Les Blank (November 27, 1935 – April 7, 2013) was an American documentary filmmaker best known for his portraits of American traditional musicians.

Life and career
Leslie Harrod Blank Jr. was born November 27, 1935 in Tampa, Florida. He attended Phillips Academy, and Tulane University in New Orleans, where he received a B.A. degree in English. He also briefly attended University of California, Berkeley. In the early 1960s, Blank studied filmmaking at the University of Southern California and received his master's degree.

Following his university education, he worked for a production company called Operation Success, making films that he would later describe as "insipid films that promote business and industry." In 1967 he founded his own production company, Flower Films, with the release of God Respects Us When We Work, but Loves Us When We Dance, a short colorful document of Los Angeles' Elysian Park Love-in. This was followed by The Blues Accordin' to Lightnin' Hopkins (1968) and The Sun's Gonna Shine (1968) about Houston blues musician Lightnin' Hopkins. He never went back to work making industrial films and all of his films were independently produced, often with the assistance of grants from cultural agencies, both governmental and non-governmental.

Most of his films focused on American traditional music forms, including (among others) blues, Appalachian, Cajun, Creole, Tex-Mex, polka, tamburitza, and Hawaiian music.
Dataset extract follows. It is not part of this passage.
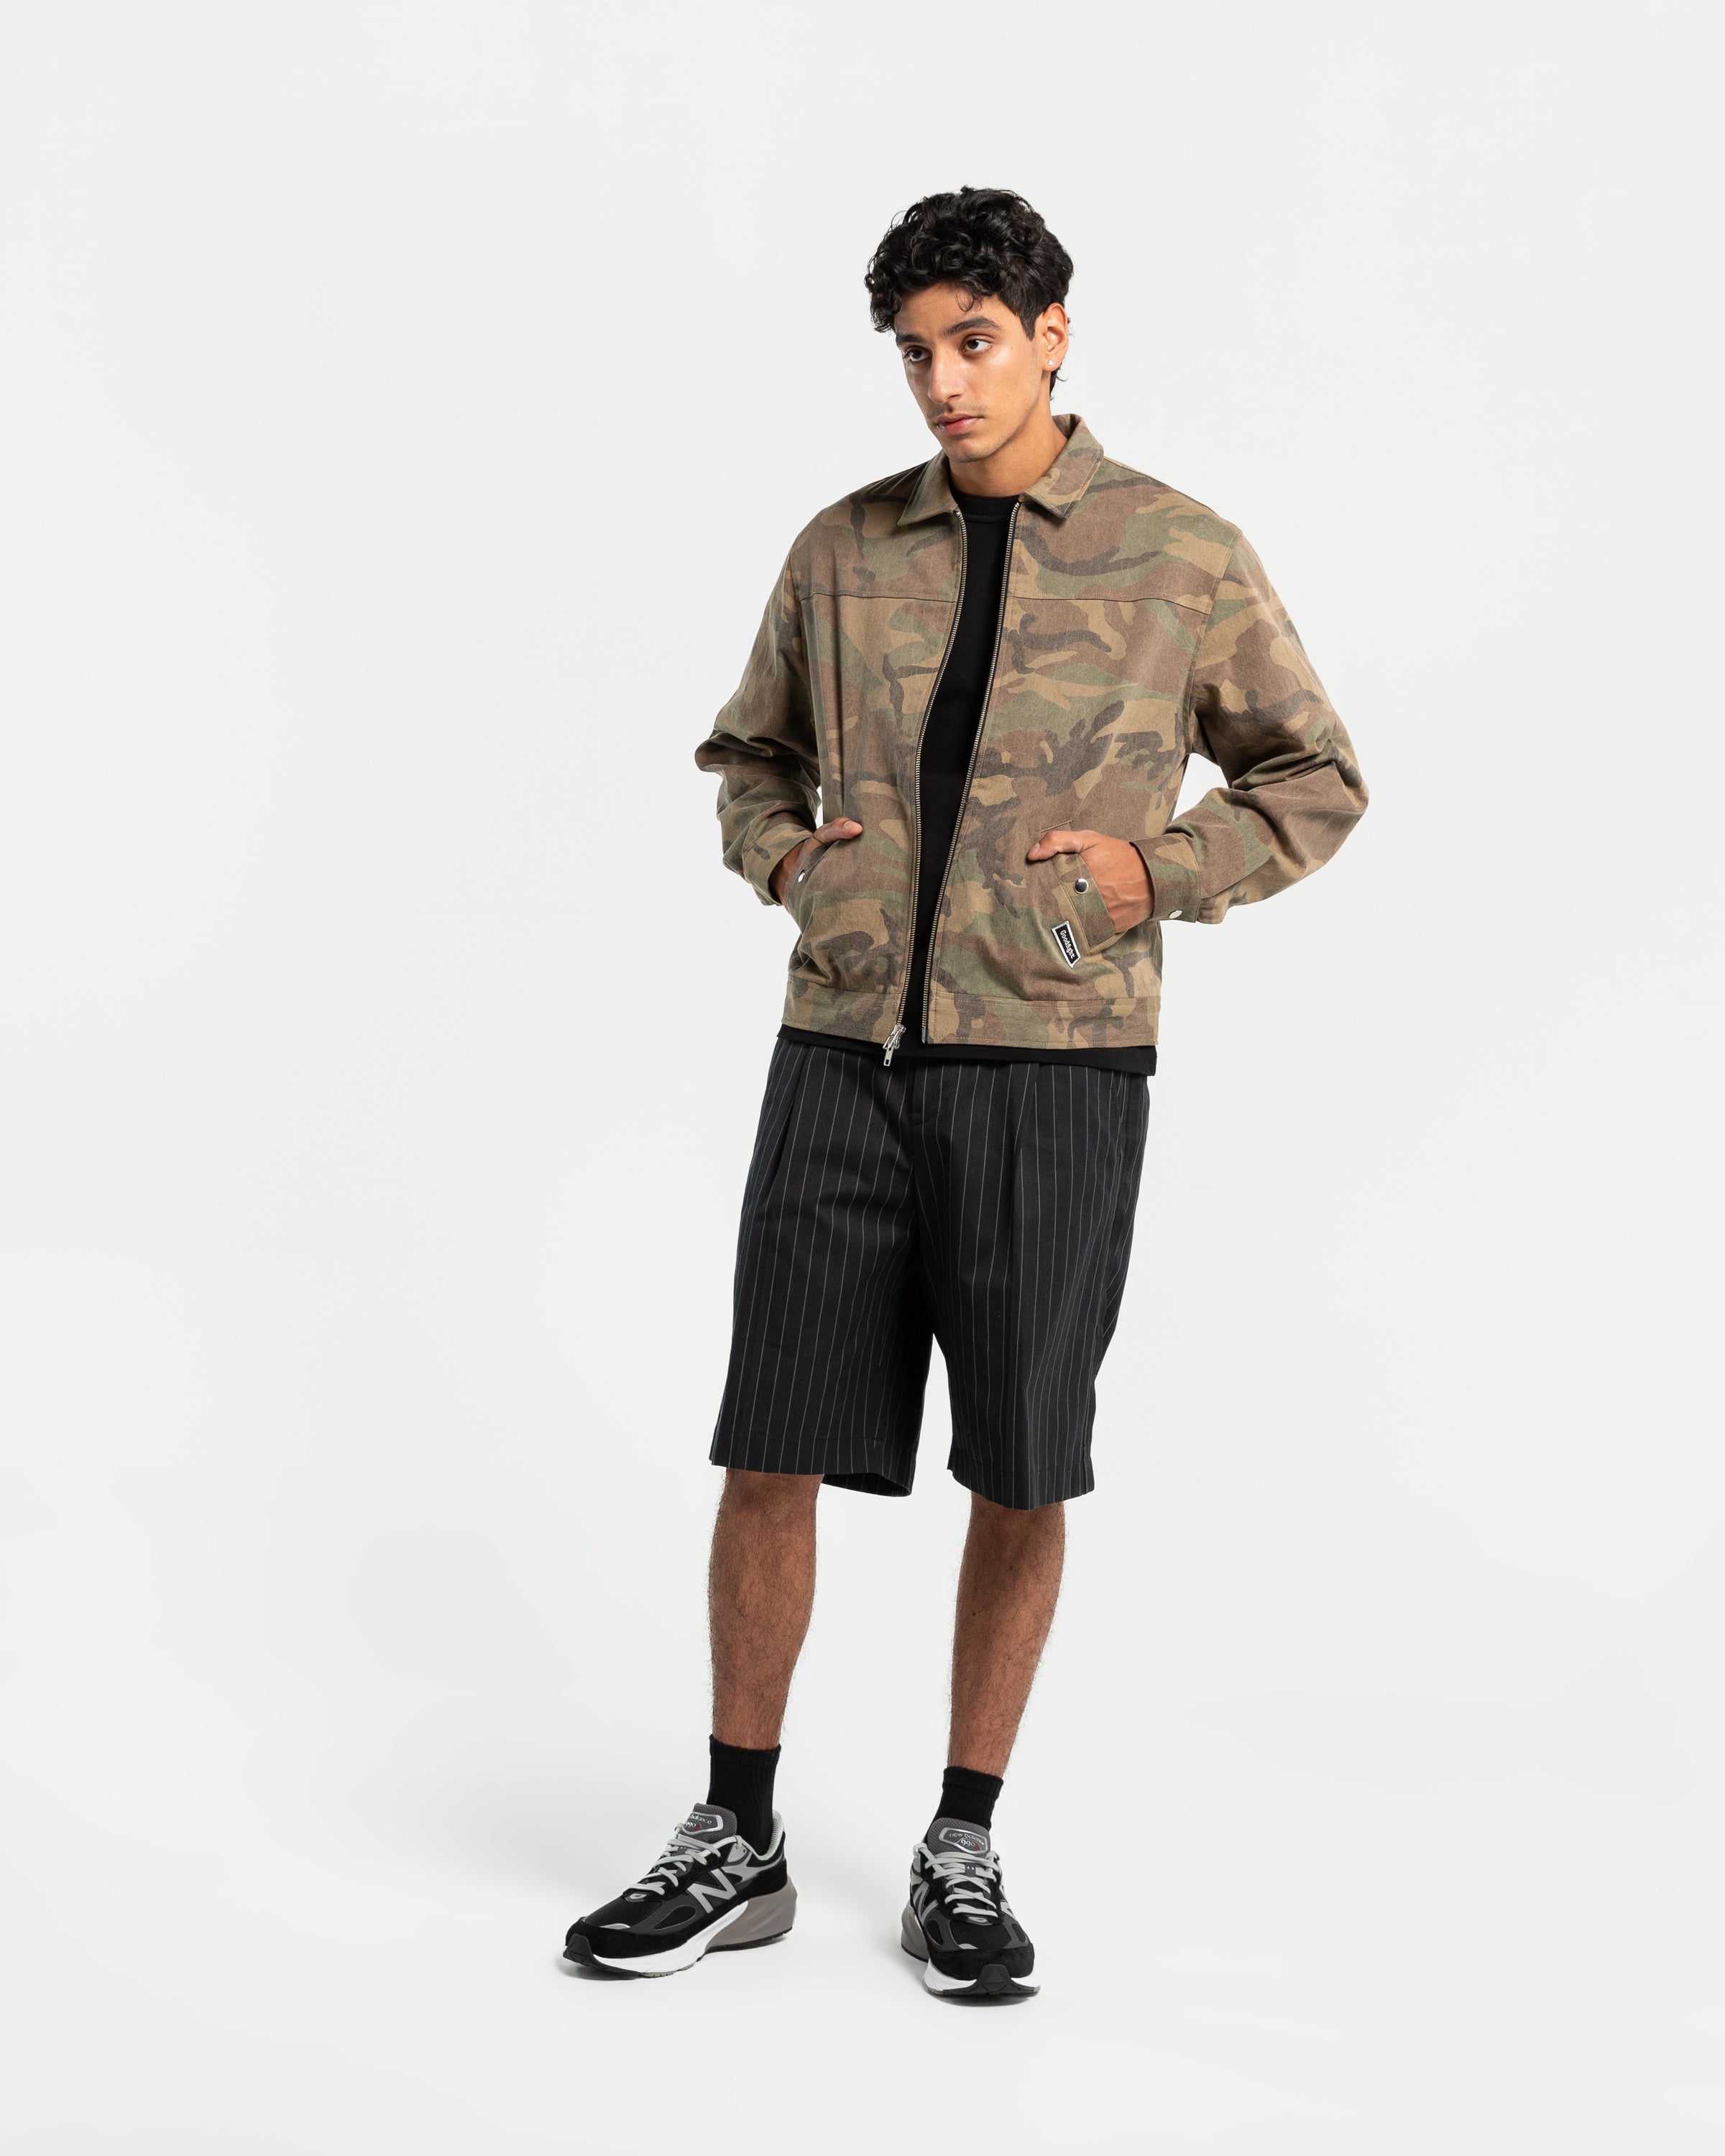 Reflection Jacket in Selvedge in Military Camo

Many of these films represent the only filmed documents of musicians who are now deceased.

Blank's films focusing on musical subjects often spent much of their running time focusing not on the music itself but on the music's cultural context, portraying the surroundings from which these American roots musics come.

Other notable films on non-musical subjects include a film about garlic and another about gap-toothed women, as well as two films about German film director Werner Herzog: Werner Herzog Eats His Shoe (1980) and Burden of Dreams (1982), the latter about the filming of Herzog's Fitzcarraldo. The Maestro: King of the Cowboy Artists (1994) and Sworn to the Drum: A Tribute to Francisco Aguabella (1995) were Blank's last two films using 16mm film. He later worked in digital video. One of his last films, All in This Tea, which was co-directed with his creative partner Gina Leibrecht, was a profile of the western Marin County-based tea importer and adventurer David Lee Hoffman. In 2014, his last film How to Smell a Rose: A Visit with Ricky Leacock in Normandy was completed shortly after his death by Gina Leibrecht, and was a portrait of the co-founder of Direct Cinema, Richard Leacock. In 2007 Blank was awarded the prestigious Edward MacDowell Medal in the Arts.

Les's son, Harrod Blank, has also become a documentary filmmaker.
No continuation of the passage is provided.